L’era condivisa della Sharing Economy

Avere di più ma senza essere proprietari.
Inizia la Terza Rivoluzione Industriale ed avrà conseguenze enormi.

Volendo definire cos’è la Sharing Economy potremmo tradurla, letteralmente, con “economia della condivisione”. Espressione che vuole privilegiare un nuovo modello economico che parte da reali bisogni mettendo in discussione i rapporti consolidati tra società ed economia.

L’adulto di oggi è cresciuto in un’epoca caratterizzata dal possesso di una casa, di una moto o di un’auto. La fetta di popolazione conosciuta come “Millennials“, è inconsapevolmente nata tra i meandri della Sharing Economy, tra la naturale condivisione di un film su Netflix, di una macchina con BlablaCar o del proprio appartamento con Airbnb.
La straordinaria novità è l’avere più cose a disposizione, possedendone la metà.

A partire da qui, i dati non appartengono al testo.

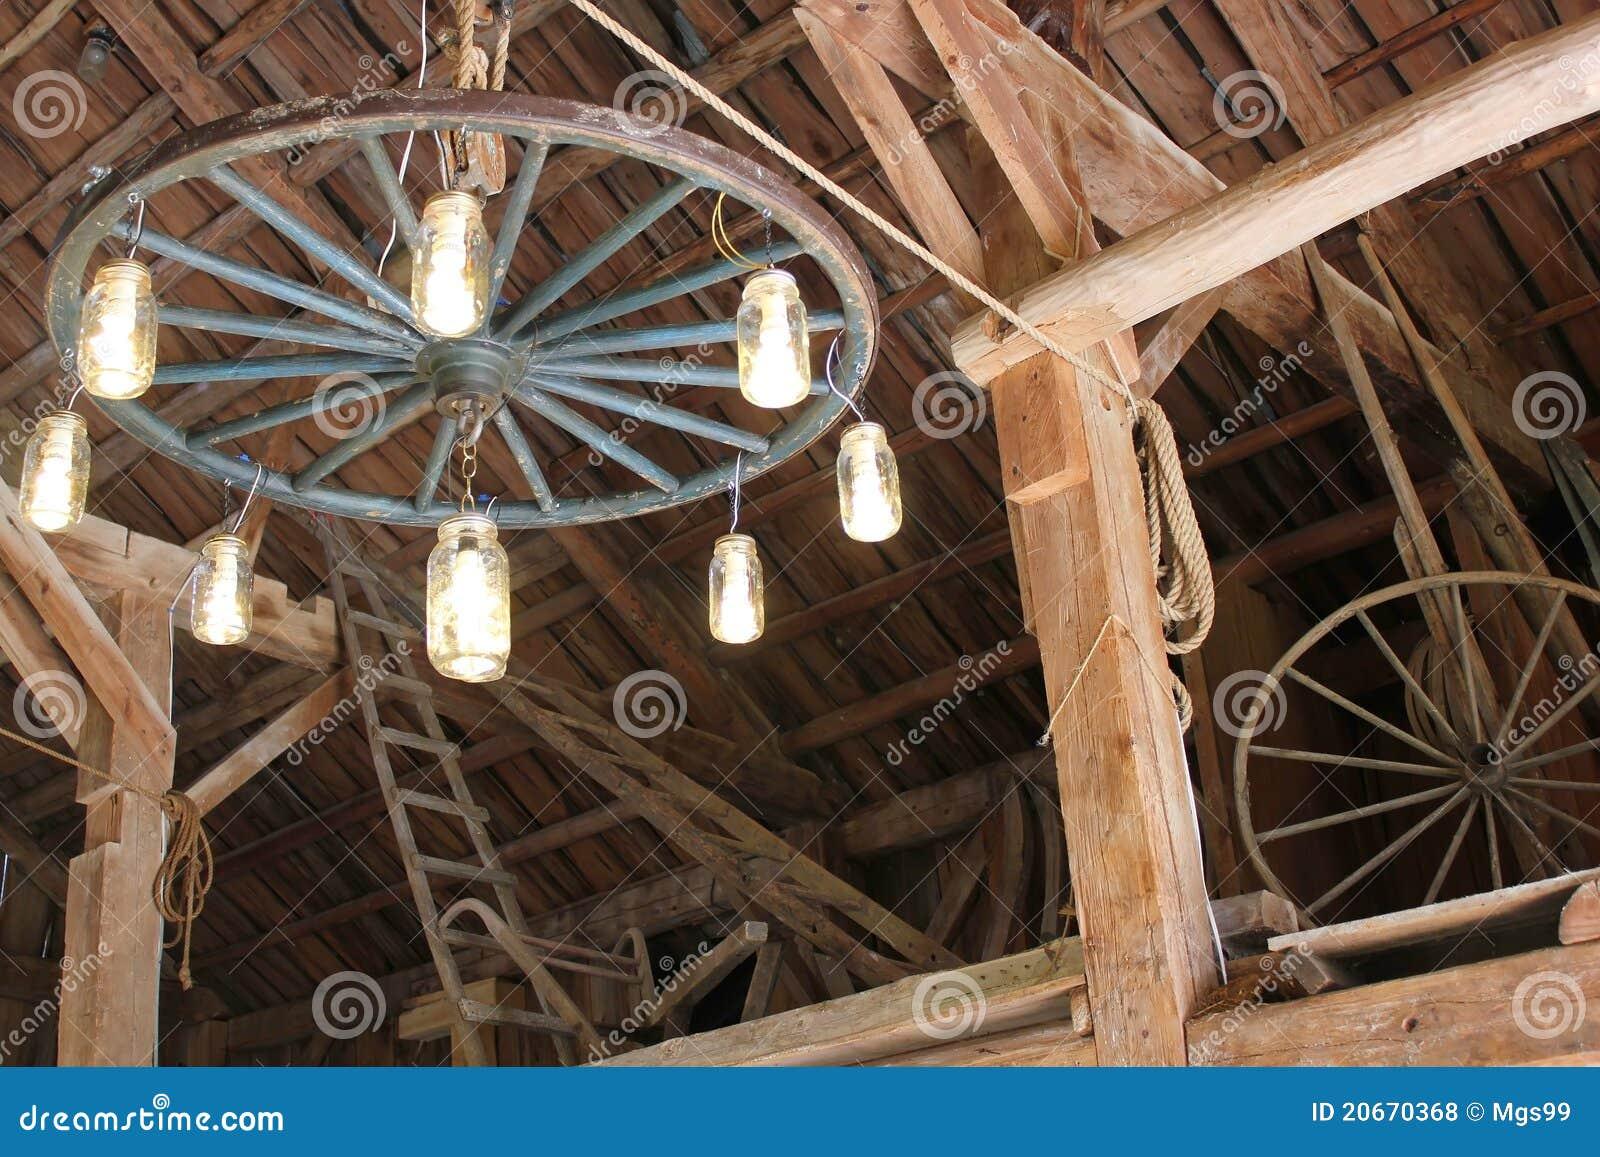 lustre de roue de chariot photos libres de droits image 20670368. Black Bedroom Furniture Sets. Home Design Ideas
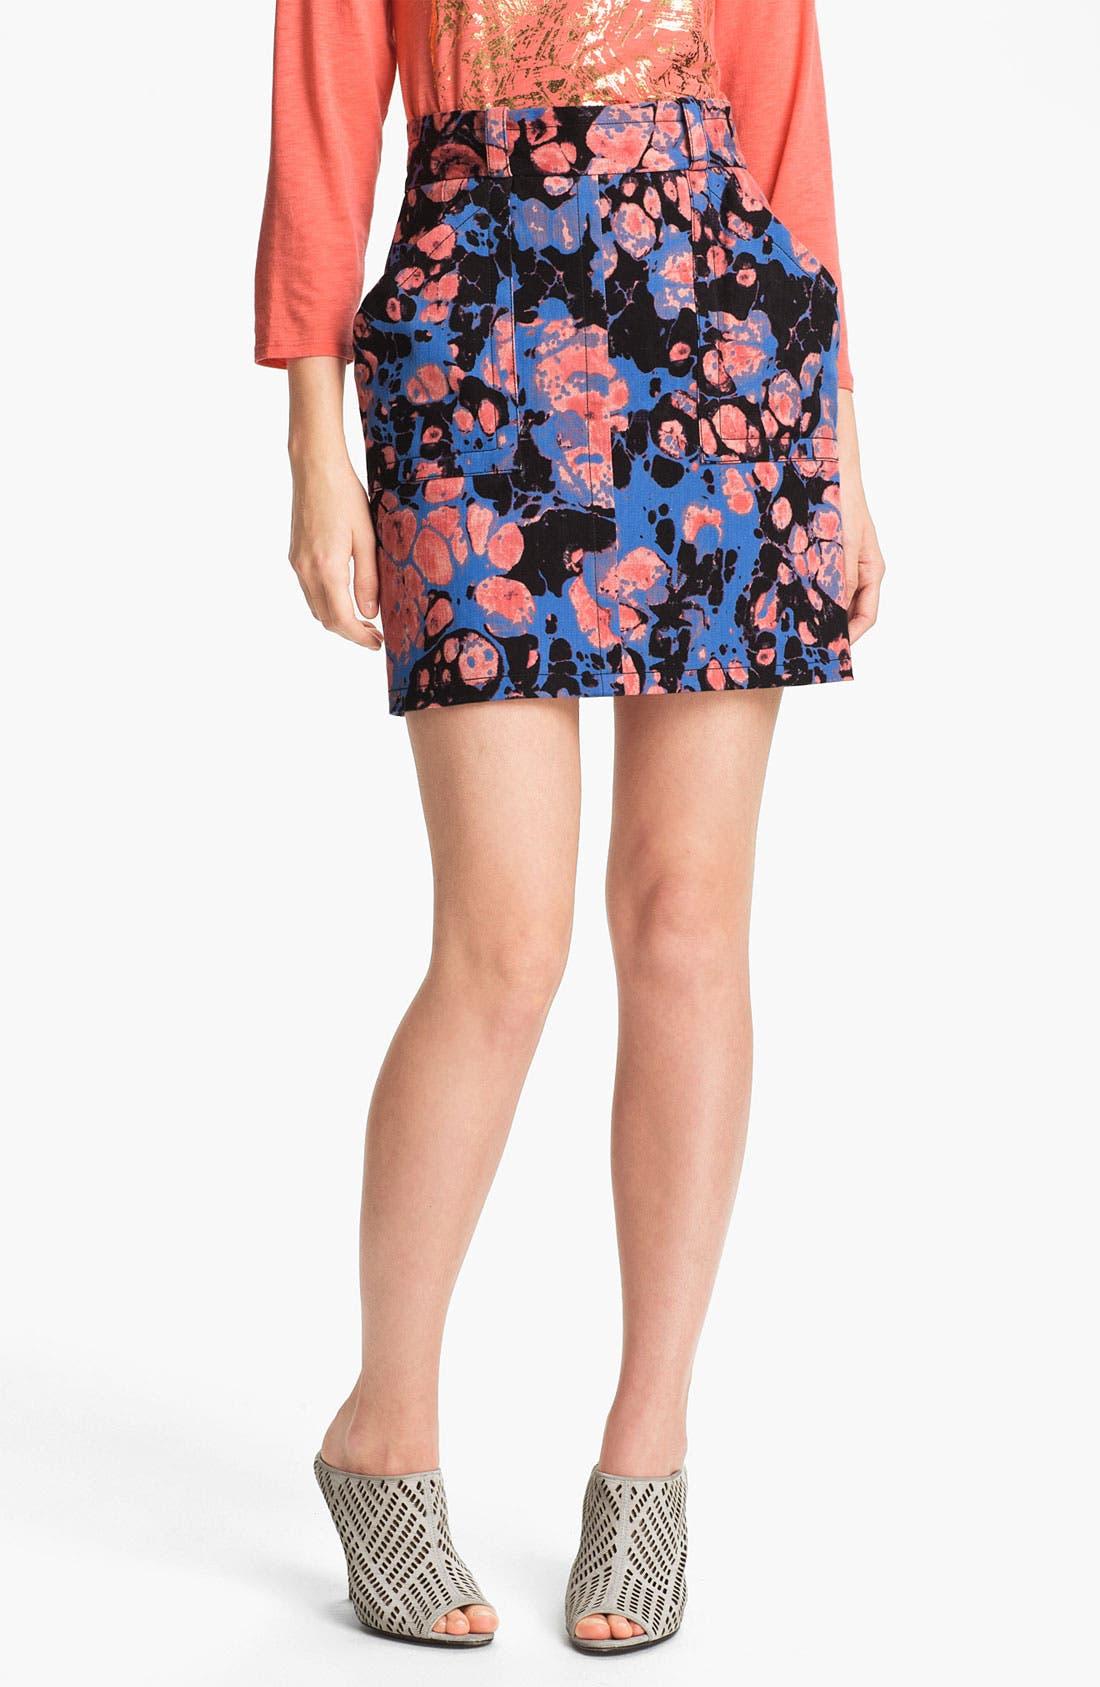 Alternate Image 1 Selected - Kelly Wearstler 'Phenomena' Skirt

Quando è nata la Sharing Economy?

La crisi economica globale del 2008 ha ridimensionato le possibilità di spesa delle famiglie italiane e non, cosicché in questo scenario si è sviluppato il fenomeno della Sharing Economy. Si trattava di un modello alternativo al consumismo che riduceva l’impatto ambientale. Questo nuovo modello promuove il riuso piuttosto che l’acquisto, la possibilità di utilizzo piuttosto che la proprietà, seguendo un unico e comune filo conduttore: la sostenibilità.

Tutto questo è reso possibile dall’accesso immediato ad Internet e alla comparsa delle app. Tre sono i pilastri su cui si fonda la Sharing Economy:

  • Condivisione
  • Riuso
  • Riutilizzo

Negli ultimi anni sono nate diverse realtà imprenditoriali che utilizzano le tecnologie digitali promuovendo un modello di economia circolare, dove i consumatori mettono a disposizione il loro tempo, le loro competenze e beni in modo da creare dei legami e relazioni collaborative.

La Sharing economy, in Europa, vale 28 miliardi di euro l’anno.

La crescita di questi nuovi modelli di business è esponenziale, più condivisione, più sostenibilità. Un’economia basata su un modello di sharing porterà, nel lungo periodo, ad una riduzione dei consumi, degli sprechi, dell’inquinamento e del surriscaldamento globale.

Non più semplici piattaforme ma ecosistemi, non più digitale ma integrazione tra territorio e tecnologia, non più soli cittadini ma un’unica unione con organizzazioni, associazioni e aziende in un’ottica sempre più smart.

Quali sono gli esempi dell’economia della condivisione?

Per citarne qualcuno:

  • Wikipedia, l’enciclopedia online, libera e collaborativa. Piattaforma in cui i membri di una comunità partecipano, gratuitamente, alla costruzione di un bene comune;
  • AirBnB, portale online che mette in contatto persone in cerca di una camera per brevi periodi, con persone che dispongono di spazi extra da affittare;
  • BlaBlacar, piattaforma web di car pooling;
  • Uber, lo scambio su richiesta di trasporto automobilistico privato, attraverso un’applicazione che mette in contatto diretto i passeggeri e gli autisti.

La crescita esponenziale della Sharing Economy rappresenta, indubbiamente, una grande opportunità per tutta l’economia. Al di là dei singoli servizi, saranno interi ecosistemi a generarsi. L’unico dubbio che resta è vedere se si riuscirà a valorizzare il potenziale soprattutto sociale e relazionale di questi modelli e di anticipare chi, come sempre, vede un pericolo nel cambiamento e cercherà di alimentare paure e contraddizioni.

Viviamo in una società che fa rumore, che vuole cambiare intonando cori che hanno come protagonista la “condivisione”.